Исследование причин и происхождения Войны


   Немецкий императорский парикмахер был призван в армию. Его, должно быть, призвали рано, в самом начале войны. Я видел фотографии в газетах, которые не оставляют в этом сомнений. Кто он – я не знаю: я когда-то прочел в статье его имя, но потом забыл; немногие знают, жив ли он еще. И все же какой вред он нанес! Какое великое зло он невольно сотворил! Много лет назад он изобрел пустышку, jeu d'esprit, простительную художнику в расцвете юности, тому, для которого искусство было ново и даже, возможно, замечательно. Конечно, это скорее ремесло, чем искусство, и скромное ремесло притом; но тогда мужчина был молод, а что не покажется замечательным юноше?
   Он, должно быть, воспринял свое ремесло очень близко к сердцу, но на манер молодежи – с фантазией и с улыбкой. Он, должно быть, решил затмить конкурентов: он, должно быть, бродил и думал, сидя при свечах допоздна, возможно, когда весь дворец погружался в сон. Но как молодой человек может задуматься о чем-то серьезном? И так он дошел до этого абсурдного, этого фантастического тщеславия. Что еще могло произойти? Чем серьезнее он воспринимал искусство стрижки, чем больше он изучал его уловки и фразы и слушал лекции старых парикмахеров, тем сильнее становилось искушение молодости, побуждавшее его к смеху и подталкивавшее к чему-то возмутительному и смешному.
   Фон унылого великолепия Потсдама, должно быть, сделал все это гораздо отчетливее. Все было взаимосвязано.
   И так в один день, или, как я предположил, внезапно поздней ночью, посетило молодого художника, склонившегося над книгой о прическах, это странное, безумное, непонятное, нелепое вдохновение. Ах, какое удовольствие кроется в безумии молодости; он не похоже на безумие старости, цепляющейся за истертые формулы; это – безумие разрушения, скачки над пропастями, развлечения с невозможным, ухаживания за абсурдным. И этого вдохновения не было ни в одной из книг; лекторы-парикмахеры не читали лекций об этом, не могли мечтать об этом и не смели; не было для этого никакой традиции, никакого прецедента; это было безумно; и представьте это в великолепии Потсдама, благосклонного к безумию. И нелепое, абсурдное вдохновение молодого сумасшедшего парикмахера было ничуть не меньше, чем усы вообще без малейшей завивки, которые вопреки всяким предположениям здравомыслия должны подниматься на концах почти на высоту глаз!

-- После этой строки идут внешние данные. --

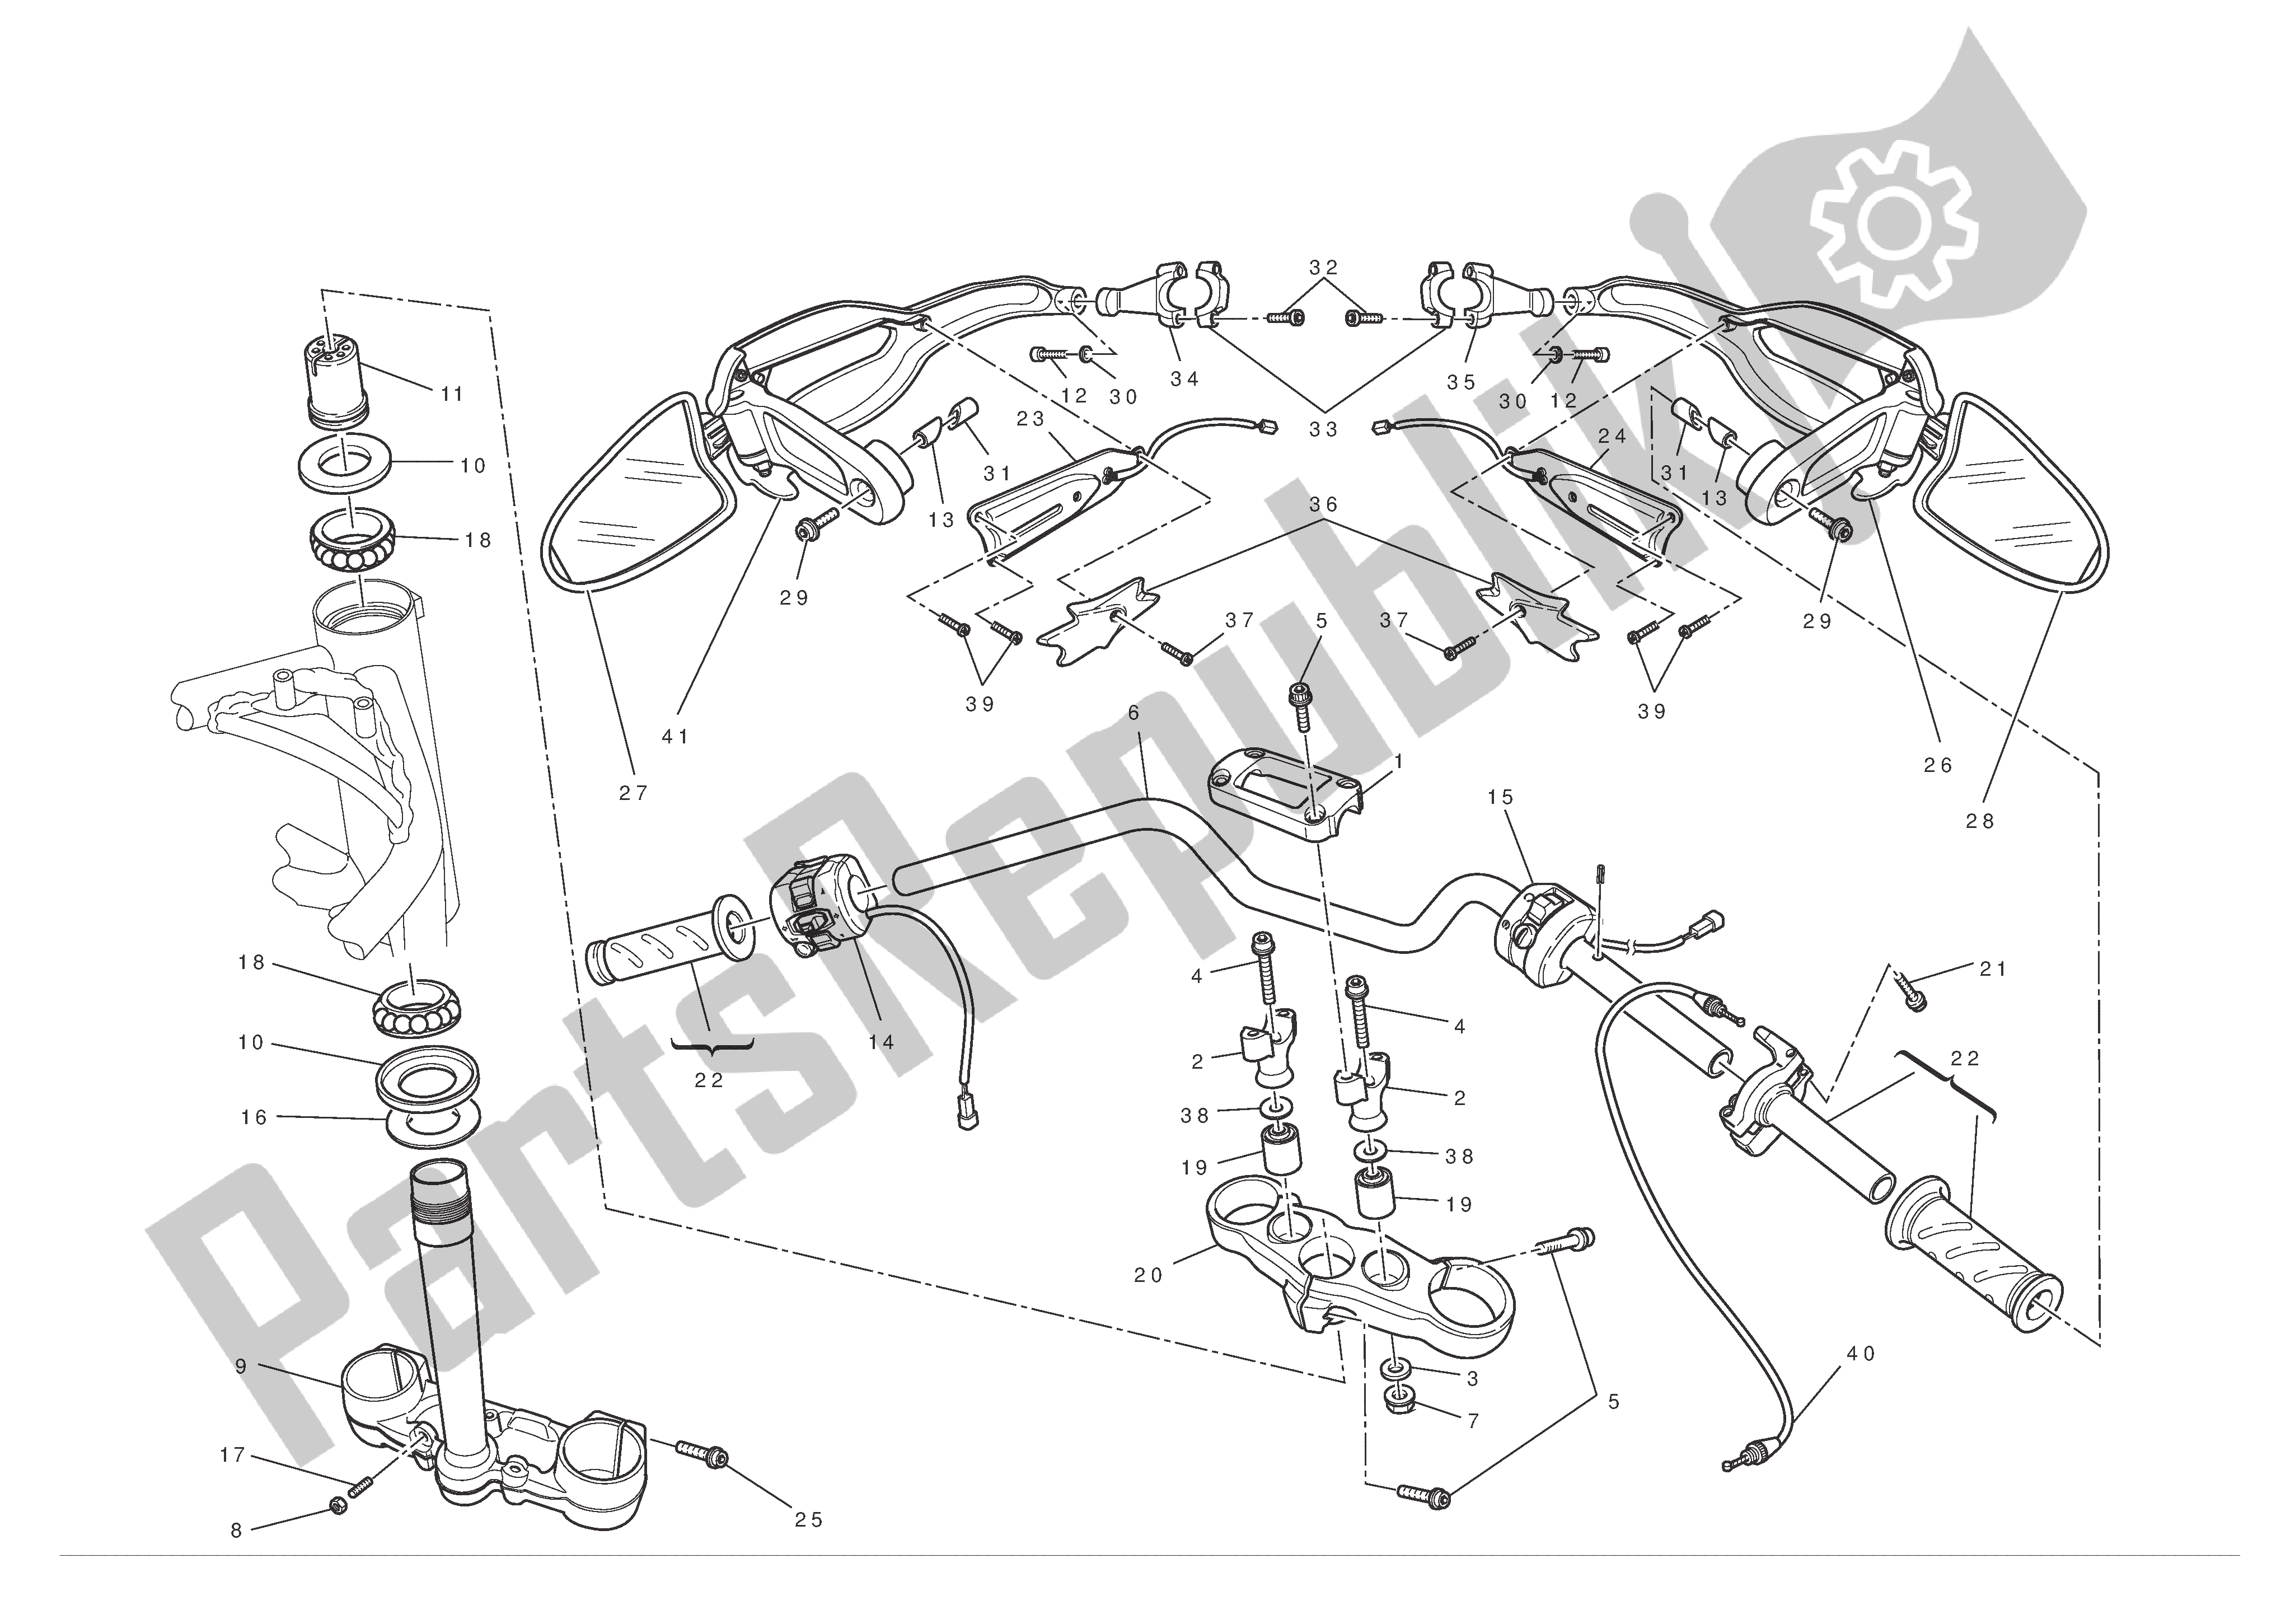 Todas las partes para Manillar Y Controles de Ducati Hypermotard 796 2012

   Он, должно быть, сначала поведал о находке своим молодым собратьям по ремеслу, поскольку юноша сначала отправляется к другим юношам со своими галлюцинациями. А они, что они могли сказать? Вы не можете сказать о безумии, что оно безумно, вы не можете назвать нелепость абсурдной. Критиковать значило бы выказать ревность; а что касается похвалы – нельзя было хвалить подобную вещь. Они, вероятно, пожали плечами, сделали разные жесты; возможно, один друг предупредил его. Но вы не можете предостеречь человека против безумия; если безумие переходит в одержимость, его не остановить: зачем это нужно? И затем, возможно, он отправился на суд к старым парикмахерам. Вы можете вообразить их гнев. Старость ни в коем случае не станет учиться у юности. Но было нанесено оскорбление их древнему ремеслу, что достаточно дурно, если только предполагается, а здесь об этом открыто говорили вслух.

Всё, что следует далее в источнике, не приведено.